Sayın Dar'c ve diğer arkadaşlarım,
size son durum hakkında bilgi vermek istiyorum.
Tabi Sayın Dar'c ın önerisi makul olanı. Ancak gerçek hayatta hiçbir şey böyle süt liman değil. "Gel anlaşalım kardeş kardeş paylaşalım" (Tekerleme gibi oldu) olmuyor. Herkes tek başına hak iddia ediyor. Zaten hakka rzı olunsa mesele olmayacak ve hukuk sistemimizi alt üst eden bu idari "garabe" (tapu tahsis belgeli yer) nin yarattığı sorunları biz burada tartışmayacaktık.

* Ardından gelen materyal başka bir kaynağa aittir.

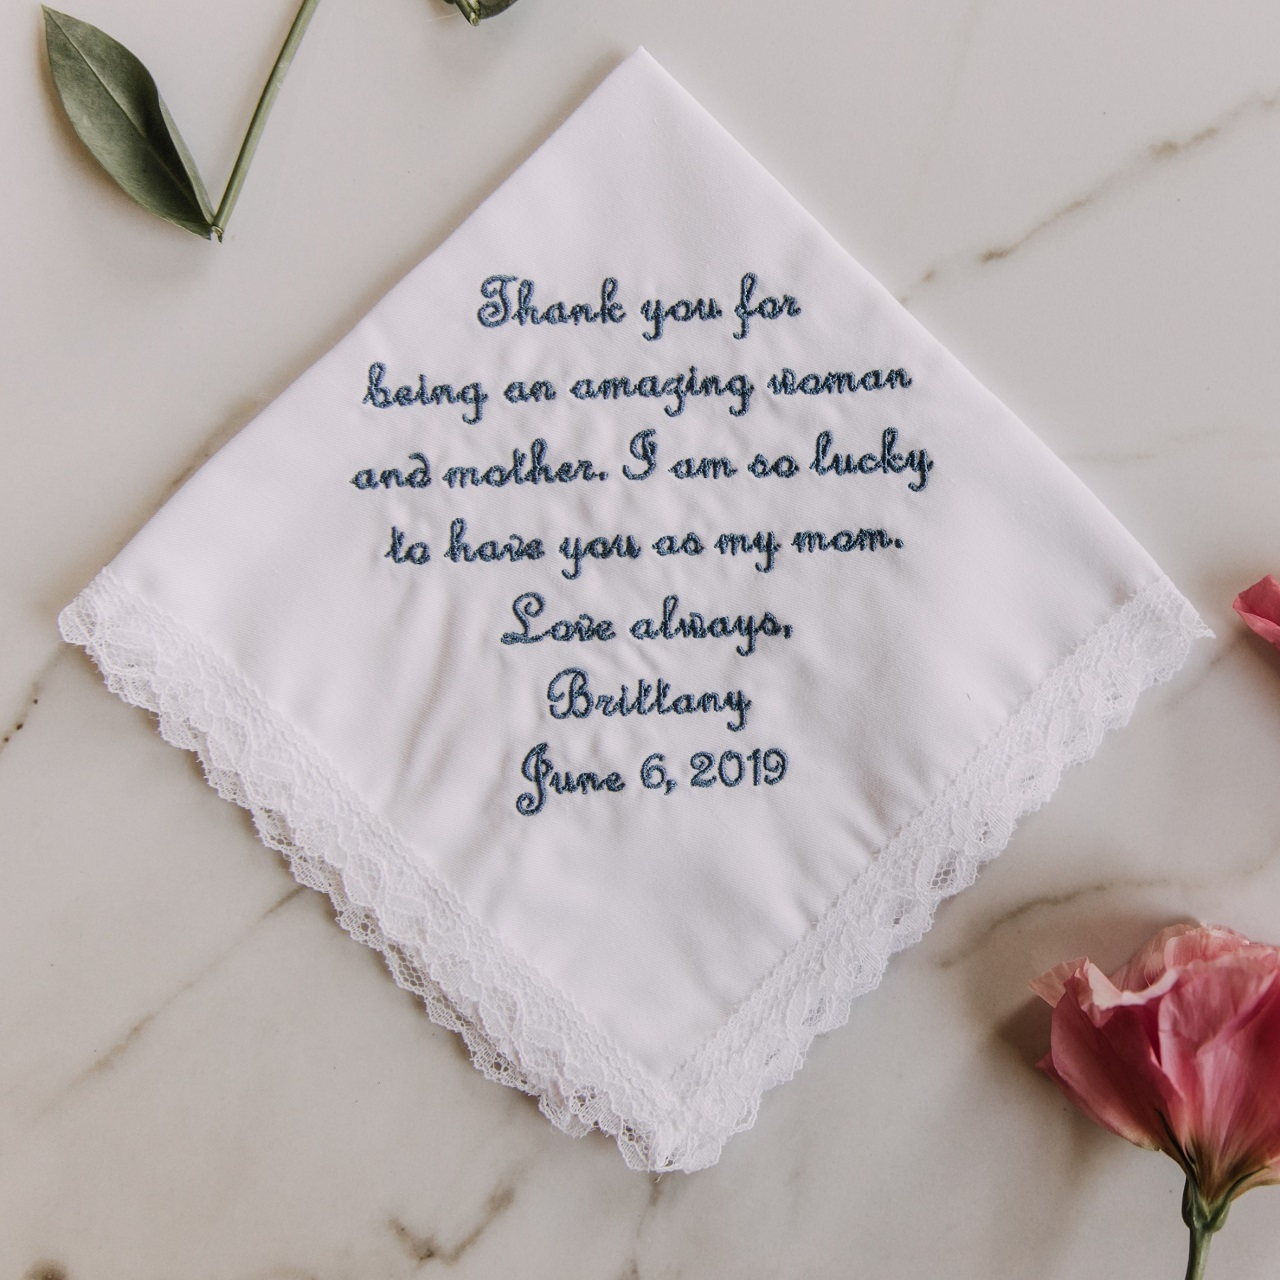 best personalized gift ideas hankerchief

Şu anda mirasçılar adına satış vaadi yapılan kardeş ve adına tapu tahsis belgesi ve satış vaadi yapılan yeğen aleyhinde sözleşmelerin iptali, taşınmazda miras ortaklığı hükümlerinin geçerli olduğunun tespiti ve müdahalenin meni talepli bir dava açmış durumdalar. (Hadi Hayırlısı)

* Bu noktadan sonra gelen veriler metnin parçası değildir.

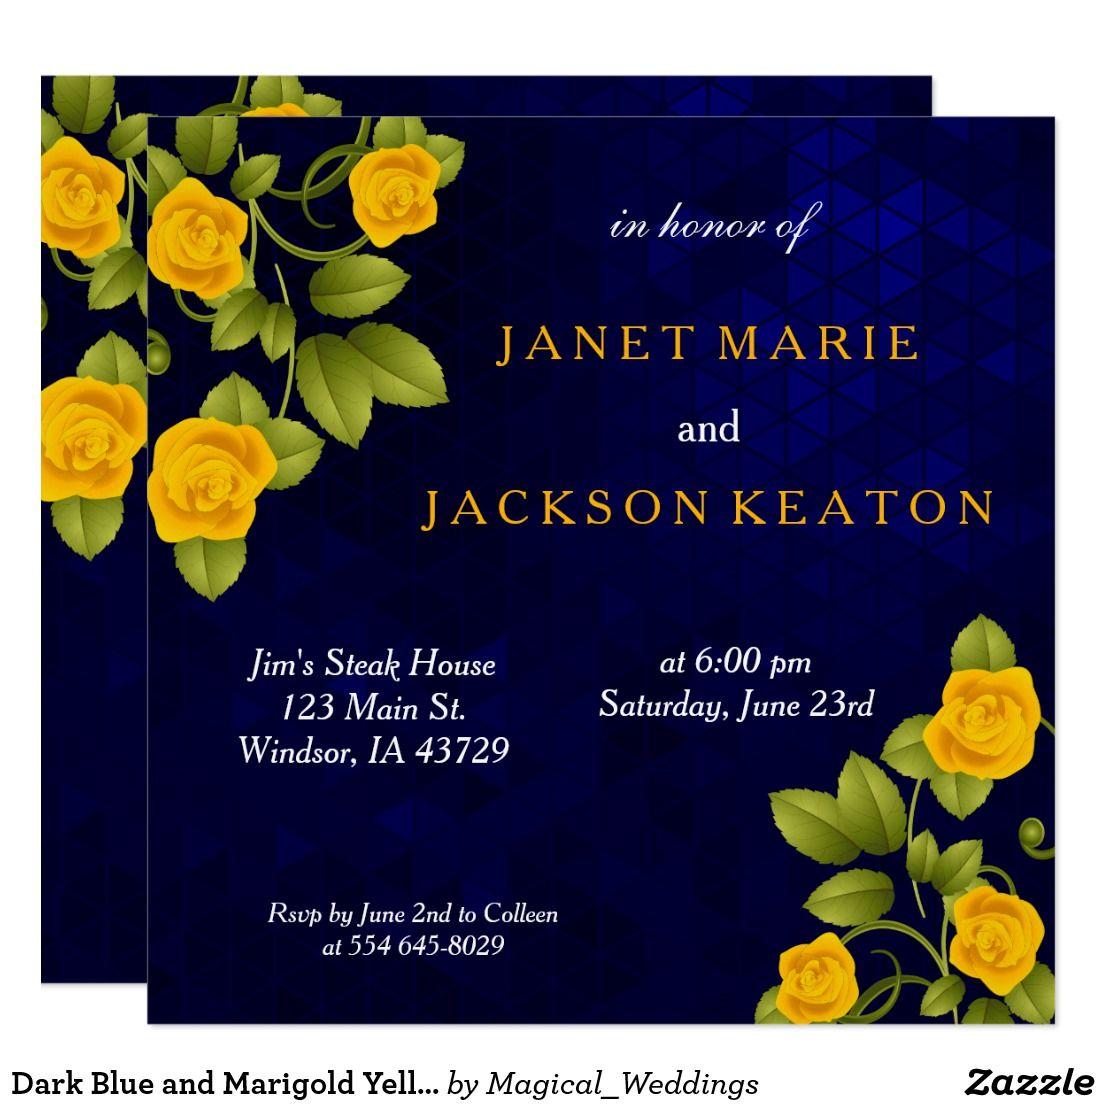 Marigold Yellow Rose Flower

Değerli arkadaşlar aslında bu olayda namı müstear veya inançlı işlem denilen hukuki durum var. Muris yeğeni ve kardeşine güvenerek ve onların adlarını kullanarak kendi adına alamayacağı yeri alıyor. (Çünkü kendi adına bir başka tapu tahsis belgeli yer var idi. Buna B taşınmazı diyelim. B taşınmazına ait tapu tahsis belgesi ile tapu alınması mümkün olmadı yer belediye tarafından ihaleye çıkarıldı ve muris bu yerin tapusunu ihale sonucu aldı) Bir nefes alalım. oh Orda sorun yok yani.
Fakat A taşınmazı ortada duruyor. Namı müstear var. Yani yapılan satış işlemleri geçersiz. Mirasçılar olarak biz bu durumları ispat edebilirsek sorun hallolacak. Ama nasıl ispat edeceğiz?

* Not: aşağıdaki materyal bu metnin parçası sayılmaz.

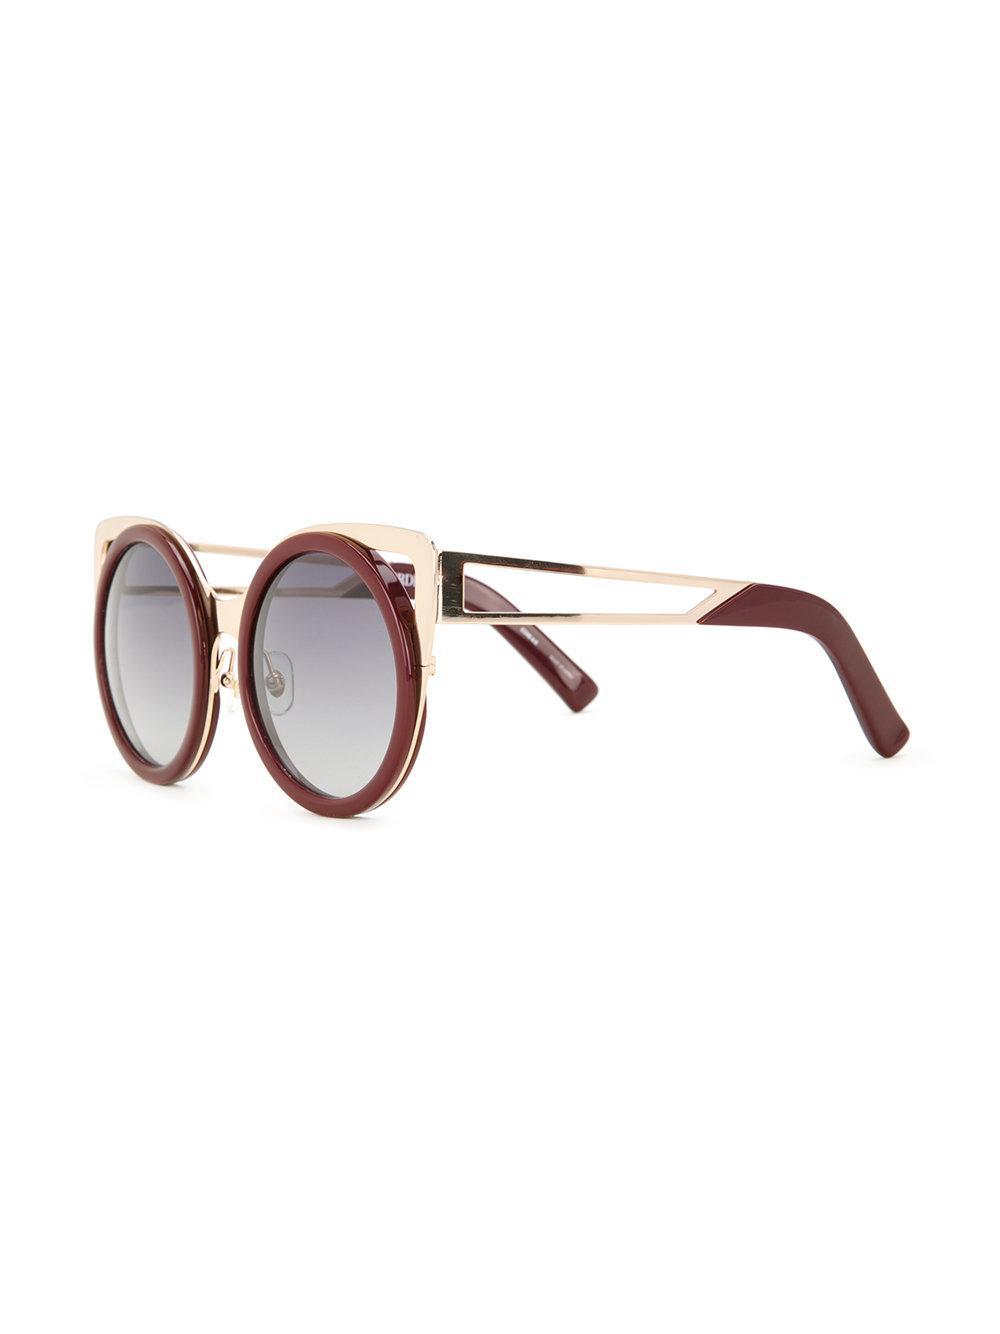 7e90dd14a72 Linda Farrow - Red Erdem 4 Sunglasses - Lyst. View fullscreen

*Binaya muris tasarruf etmiş 5 katlı yer yapmış ve kiraya vermiş( Elimizde *onlarca kira sözleşmesi var-noterden veya icraya verilmiş)
*Elektrik ve Su abonelikleri muris adına. (elimizde belgeleri var)
*Bina Vergilerini muris kendi adına ödemiş.(Elimizde belgeleri var)
*Bir yapı tatil tutanağı var murisin burayı yaparken durdurulmasına ilişkin( Bu encümen karı elimizde)
*Yerin murise ait olduğunu bilen ve binayı murisin yaptığını bilen onlarca tanık var. Kiracılarda hariç.

İspata yetermi bilemiyorum?

Kolay gelsiz eğitici ve öğretici bir konu oluyor.